* TASK: Look through the data below for the line with "wonderful-people-like-you-valentine-s-day-card-for-grandparents", and transcribe it exactly together with each line after it up to and including the line with "The Polar Express". Give nothing else.

(Excerpts from a dataset)
=-=-=-=-=

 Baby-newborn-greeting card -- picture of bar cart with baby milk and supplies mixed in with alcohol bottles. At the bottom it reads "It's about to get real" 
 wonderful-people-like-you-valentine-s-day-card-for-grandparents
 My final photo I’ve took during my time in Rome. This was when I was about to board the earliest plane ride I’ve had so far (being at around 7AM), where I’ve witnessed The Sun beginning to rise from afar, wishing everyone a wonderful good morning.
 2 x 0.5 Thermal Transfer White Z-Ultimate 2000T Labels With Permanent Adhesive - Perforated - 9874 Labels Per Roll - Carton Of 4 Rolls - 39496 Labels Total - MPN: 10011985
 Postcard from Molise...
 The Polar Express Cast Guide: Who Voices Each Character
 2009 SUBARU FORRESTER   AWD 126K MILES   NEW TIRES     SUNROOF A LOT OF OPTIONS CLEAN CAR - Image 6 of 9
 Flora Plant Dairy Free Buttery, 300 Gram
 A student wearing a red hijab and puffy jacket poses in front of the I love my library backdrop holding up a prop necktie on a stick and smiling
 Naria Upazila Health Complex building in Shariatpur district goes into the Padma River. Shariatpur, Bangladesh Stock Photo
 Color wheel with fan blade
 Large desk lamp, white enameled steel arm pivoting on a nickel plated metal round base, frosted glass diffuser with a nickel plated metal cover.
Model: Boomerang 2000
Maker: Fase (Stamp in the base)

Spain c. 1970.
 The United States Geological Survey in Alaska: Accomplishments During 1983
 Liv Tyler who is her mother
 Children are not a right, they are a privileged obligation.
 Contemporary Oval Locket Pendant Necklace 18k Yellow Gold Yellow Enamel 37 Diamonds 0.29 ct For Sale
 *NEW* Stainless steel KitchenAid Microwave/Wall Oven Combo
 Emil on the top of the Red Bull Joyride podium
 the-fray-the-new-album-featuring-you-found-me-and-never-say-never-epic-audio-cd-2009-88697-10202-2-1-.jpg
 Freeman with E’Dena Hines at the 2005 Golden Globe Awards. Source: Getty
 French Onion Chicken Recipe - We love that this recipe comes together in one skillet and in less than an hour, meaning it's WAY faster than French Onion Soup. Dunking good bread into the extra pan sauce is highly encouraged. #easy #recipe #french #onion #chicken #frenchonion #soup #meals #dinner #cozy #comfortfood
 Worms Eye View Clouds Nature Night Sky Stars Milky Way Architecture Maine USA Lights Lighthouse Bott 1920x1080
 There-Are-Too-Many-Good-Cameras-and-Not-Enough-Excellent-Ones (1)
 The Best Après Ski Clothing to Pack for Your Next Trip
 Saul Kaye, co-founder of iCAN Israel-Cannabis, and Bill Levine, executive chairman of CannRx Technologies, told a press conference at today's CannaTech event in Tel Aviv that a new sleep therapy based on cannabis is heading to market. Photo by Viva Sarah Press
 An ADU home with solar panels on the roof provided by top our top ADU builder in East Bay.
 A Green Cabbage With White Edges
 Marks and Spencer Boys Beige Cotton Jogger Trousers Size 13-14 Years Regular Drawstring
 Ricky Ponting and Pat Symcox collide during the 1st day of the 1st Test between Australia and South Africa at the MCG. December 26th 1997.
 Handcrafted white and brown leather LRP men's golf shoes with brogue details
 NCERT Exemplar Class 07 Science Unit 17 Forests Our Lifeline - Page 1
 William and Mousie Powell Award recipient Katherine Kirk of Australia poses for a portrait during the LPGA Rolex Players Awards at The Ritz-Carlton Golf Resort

=-=-=-=-=

* SOLUTION FOR THIS PROBLEM:
 wonderful-people-like-you-valentine-s-day-card-for-grandparents
 My final photo I’ve took during my time in Rome. This was when I was about to board the earliest plane ride I’ve had so far (being at around 7AM), where I’ve witnessed The Sun beginning to rise from afar, wishing everyone a wonderful good morning.
 2 x 0.5 Thermal Transfer White Z-Ultimate 2000T Labels With Permanent Adhesive - Perforated - 9874 Labels Per Roll - Carton Of 4 Rolls - 39496 Labels Total - MPN: 10011985
 Postcard from Molise...
 The Polar Express Cast Guide: Who Voices Each Character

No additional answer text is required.